Rood, geel, blauw: de drie hoofdkleuren vormen bij K. Appel contrasten, felheid, uitbarsting, kreet in verf. Doch niet enkel de kleur, ook de vorm is bij de eerste blik verward. En nochtans... Enerzijds zien wij brede onregelmatige vlekken: rood, zwart, blauw. De variëteit der kleuren wordt hier herleid tot de twee uitersten gescheiden door zwarte omtrekken die de kleur verhevigen. Verder zijn er onrustige en grillige vlekjes, linten en stoeiende lijnen in geel en wit, dan weer in rood en blauw. Zij breken de brede kleurenvlakken en bewegen zich in vlugge en nerveuze kleurannotaties vanuit de rechter benedenhoek in schuine opwaartse bewegingen naar de rustige blauwzwarte vlekken in de linker bovenhoek. Een tweede beweging begint van de rechter bovenzijde langs een rode diagonaal naar de rode punt van de pijl in de linker benedenhoek. Daar stuwt een gele wand de rode middenmassa weer opwaarts.
Men merkt stilaan dat de blijkbare chaos van kleur en vorm in feite een vorm en kleurdynamiek is die op een geordende wijze verloopt. Deze op en neergaande dynamiek verwekt de mobiliteit van het oog dat daardoor eerst langzaam tot de ontdekking komt van de vorm. Zo zien wij nu in het rood middenfiguur een kop met witte profiellijn en een door zwarte vlekjes aangeduid oog. Op het hoofd een hoedje met rode en gele kleuren en linten die zweven in de blauwe ruimte. In de rode punt van de pijl onderaan merken we een witte en een blauwe hand.
Onderaan rechts wellicht een vogel met blauwe, gele en rode veren.

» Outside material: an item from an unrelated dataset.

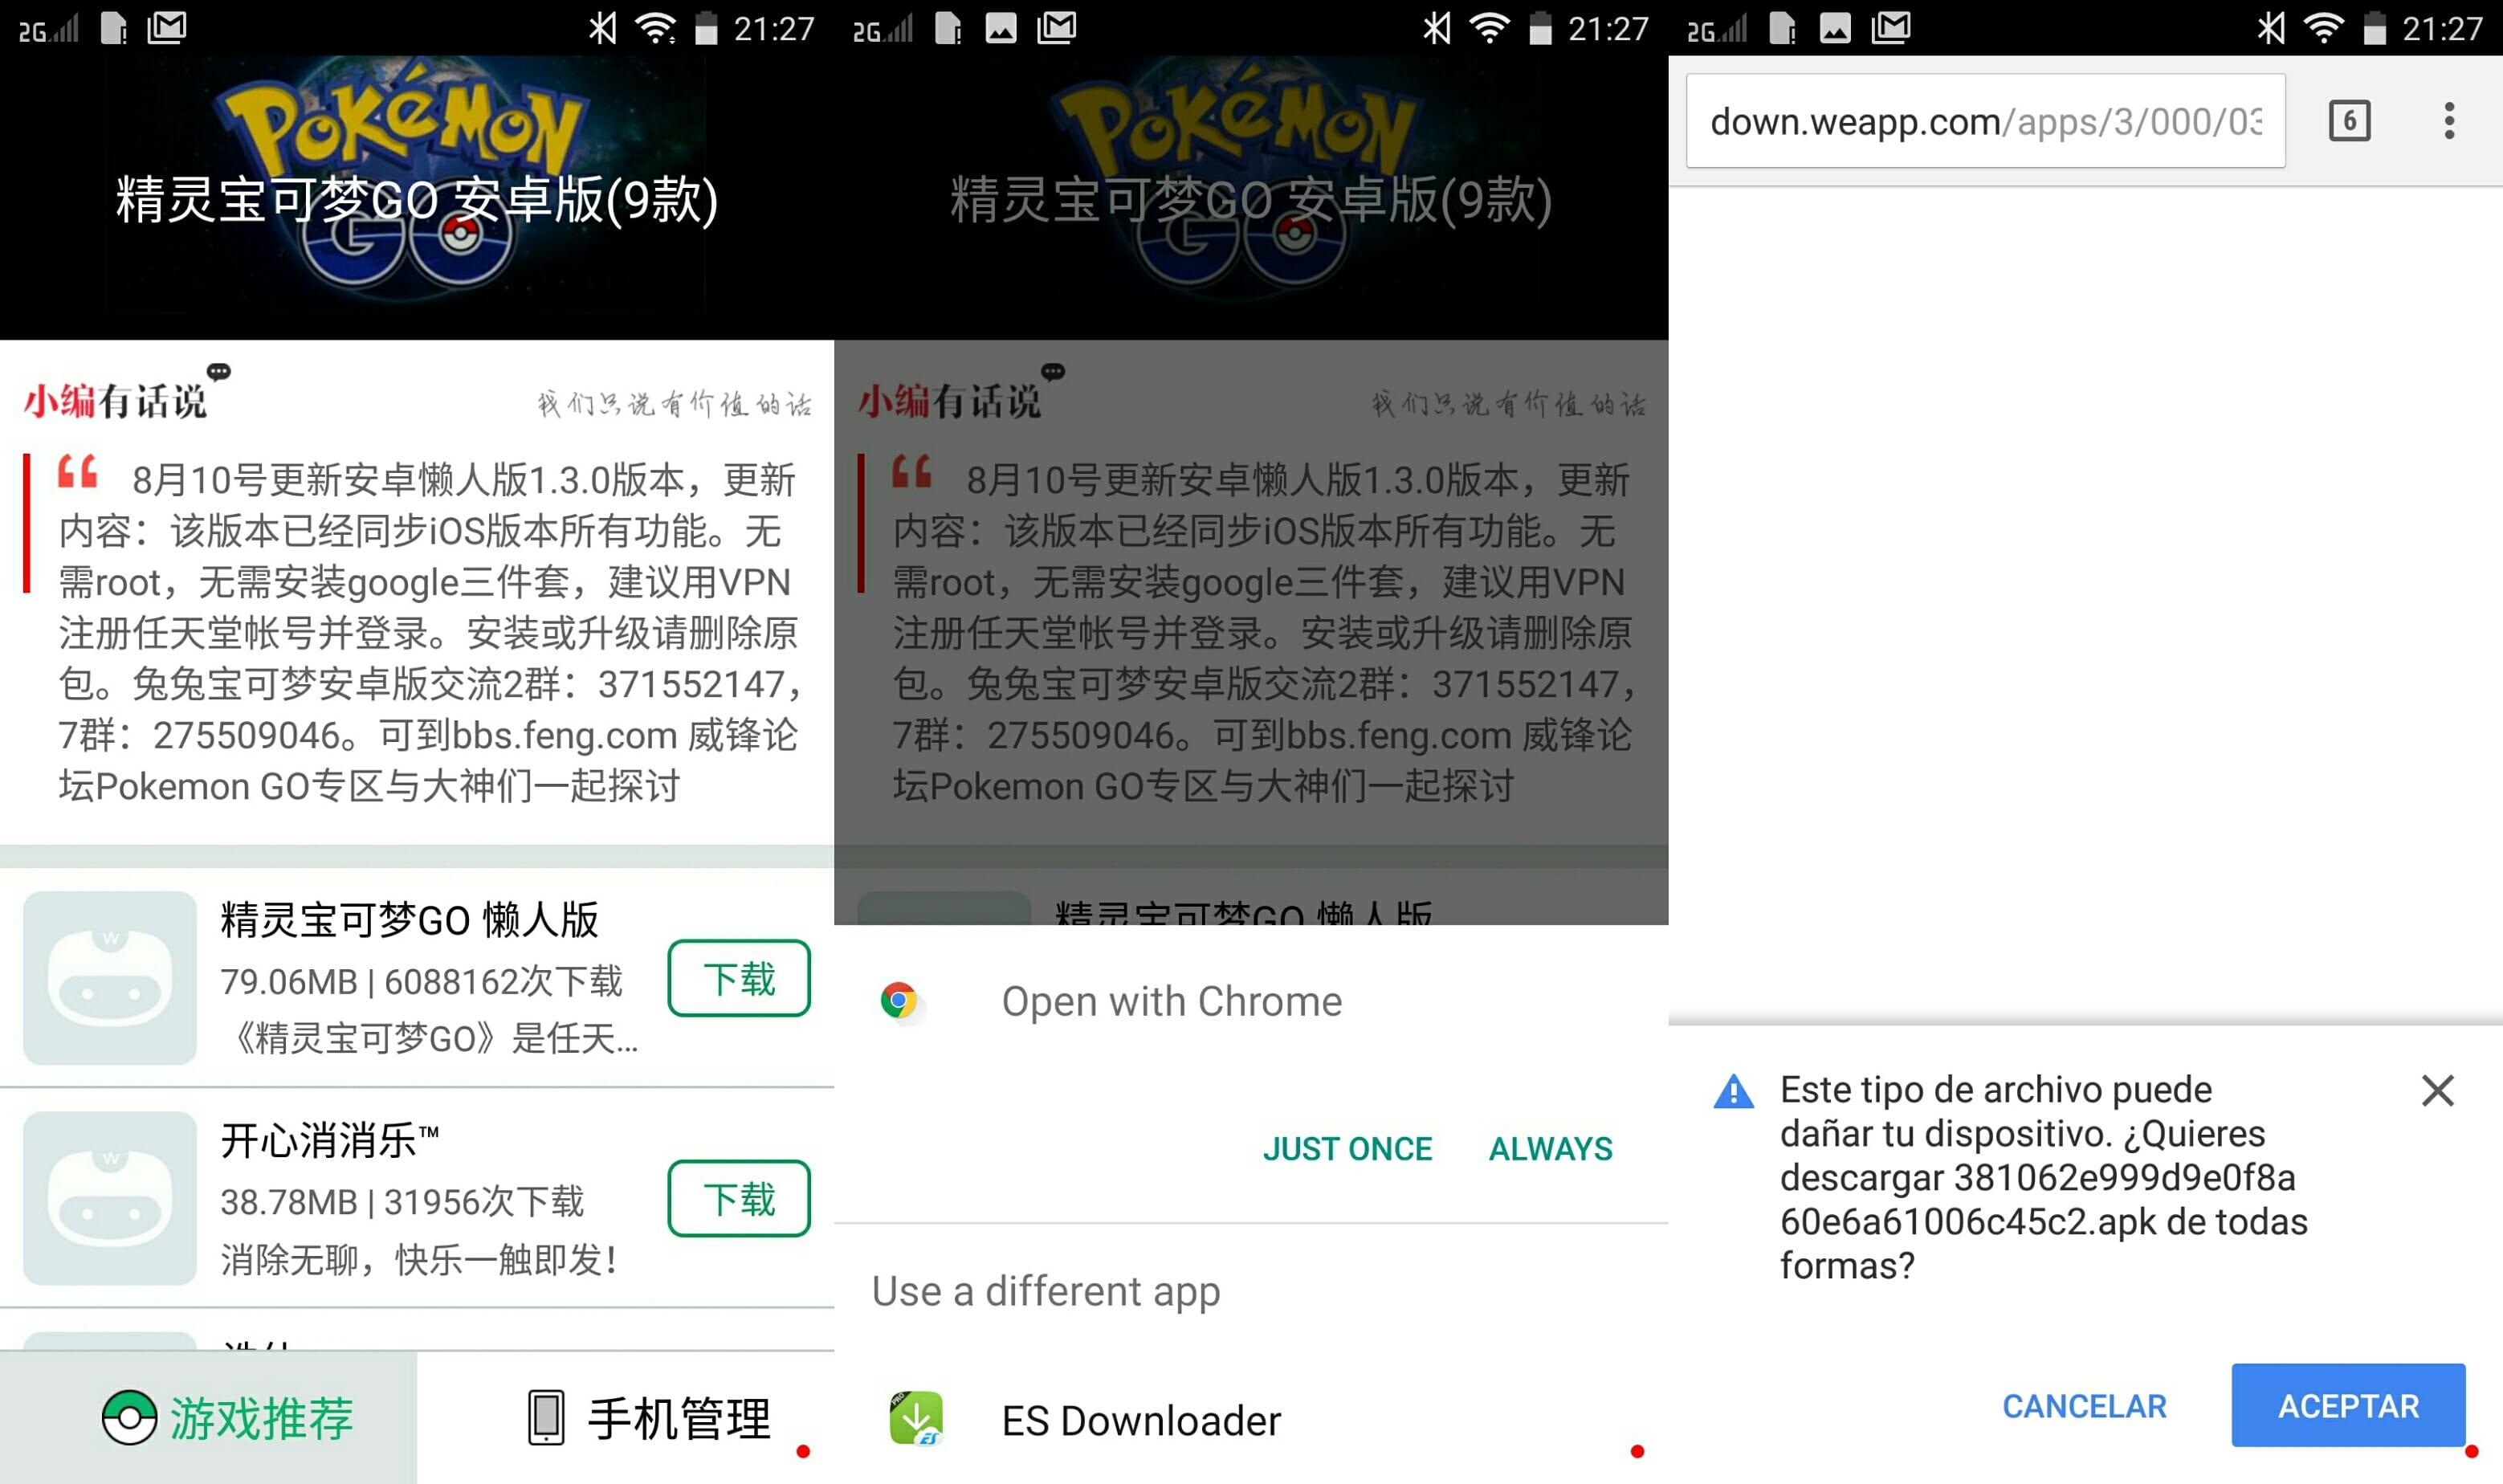 [APK] Descarga la aplicación hackeada de Pokemon Go para jugar sin salir de casa sin necesidad de Root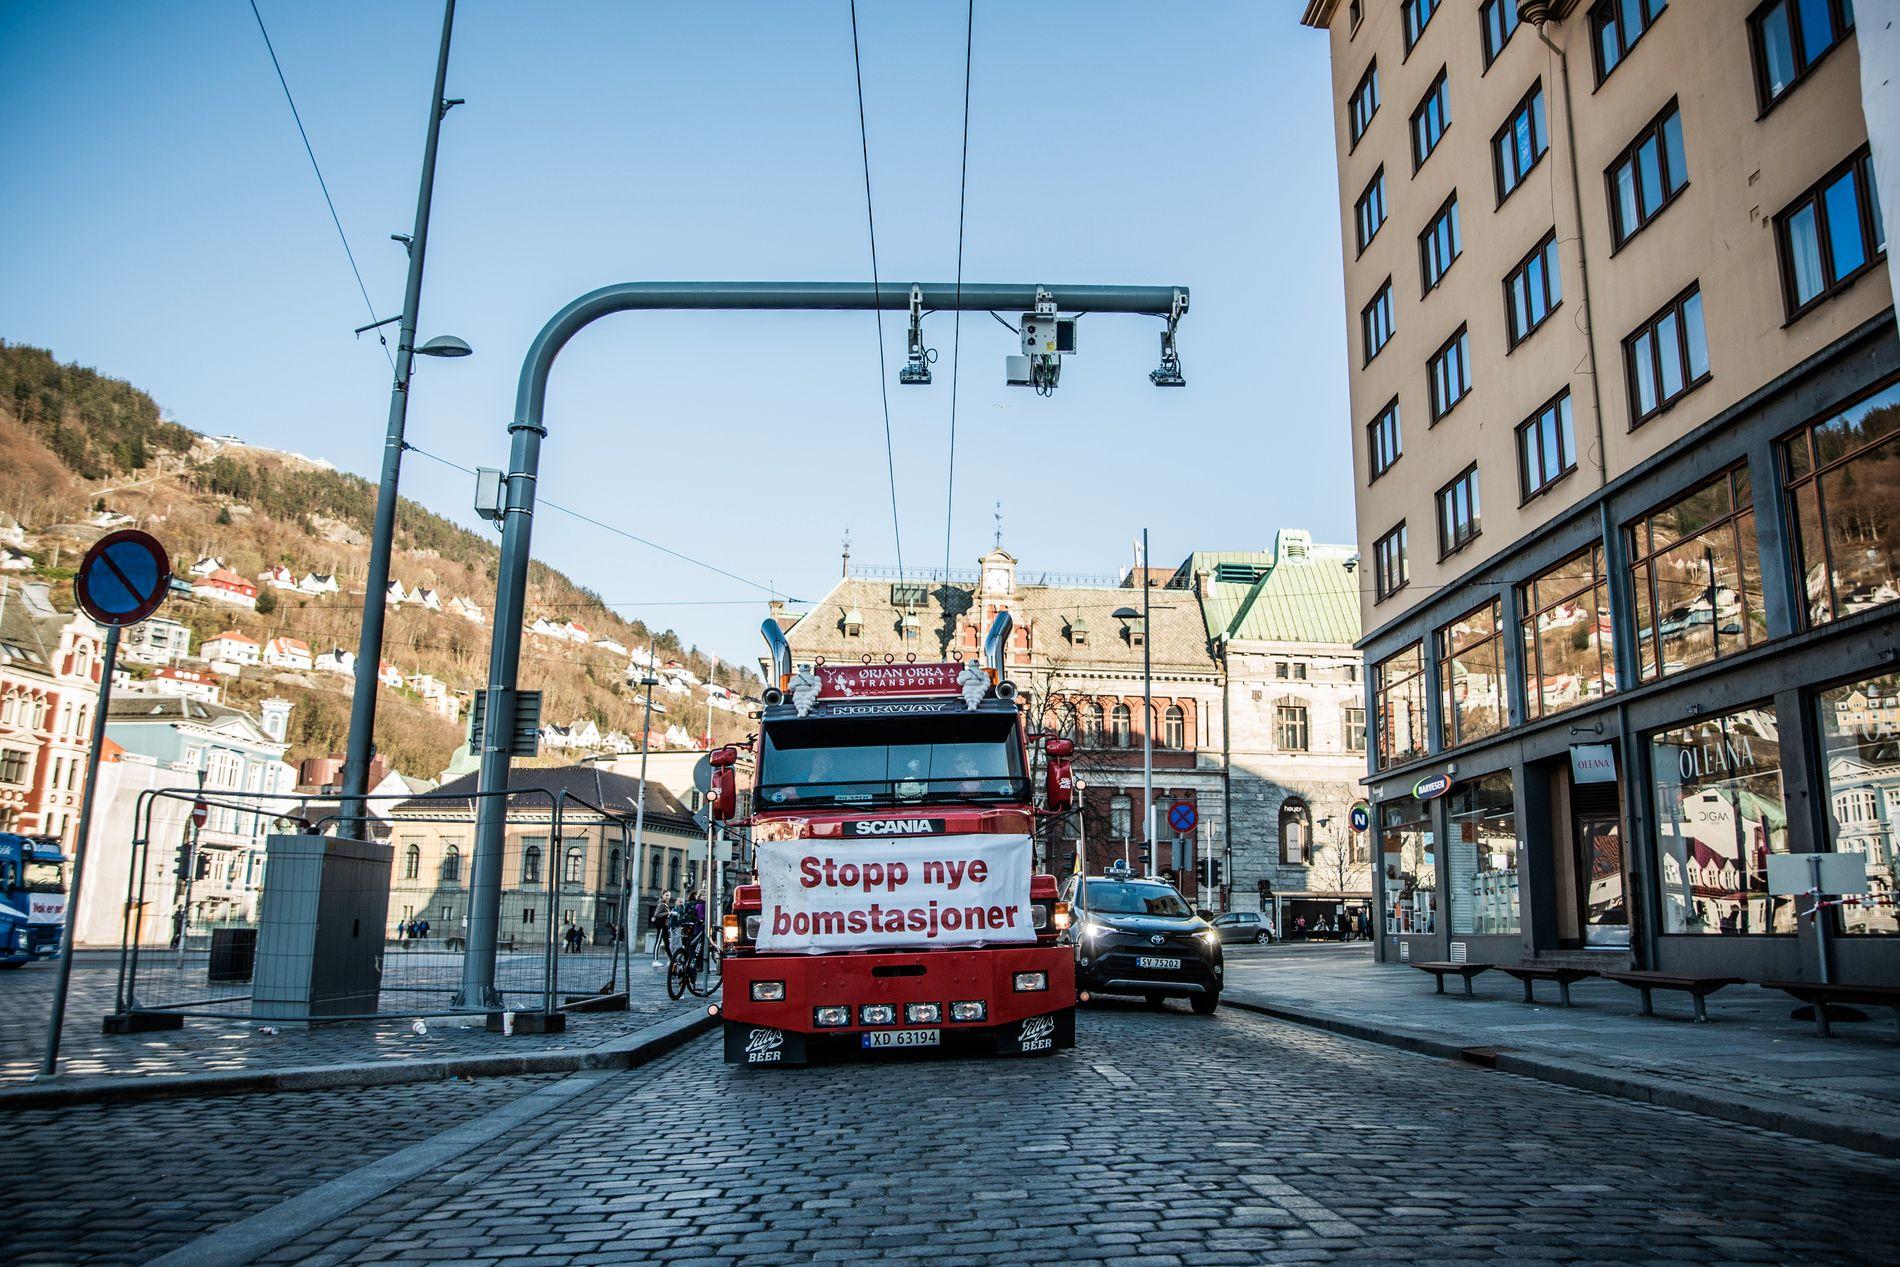 OMSTRIDT: Norge trenger et mer rettferdig system enn bomringer, mener innsenderen. Bildet er fra en aksjon mot bompenger i Bergen nylig.

Uit de chaos doemt aldus een vreemd rood wezen op in voorover gebogen houding te midden van drie verschillende blauwe velden: in de linker bovenhoek nachtelijk en gelijkmatig blauw, in de rechter bovenhoek onrustiger en door witte lijnen verhelderd dagblauw en in de rechter benedenhoek geschakeerd door witte en gele spiegelbeelden het gebroken blauw van zuidelijke meren.
Een drukdoend, bezeten, op- en neergestuwde demon, mens en vogel, vreemd en vertrouwd, die tussen hemel en water zweeft en naar de gele aarde duikelt grijpend met onwezenlijke droomhanden : wit en blauw.
Chagall is niet veraf.
De titel van het schilderij: 'Vliegende Man'. Het had ook een andere titel kunnen zijn, zoveel benamingen als het voor U en mij anders zijn kan.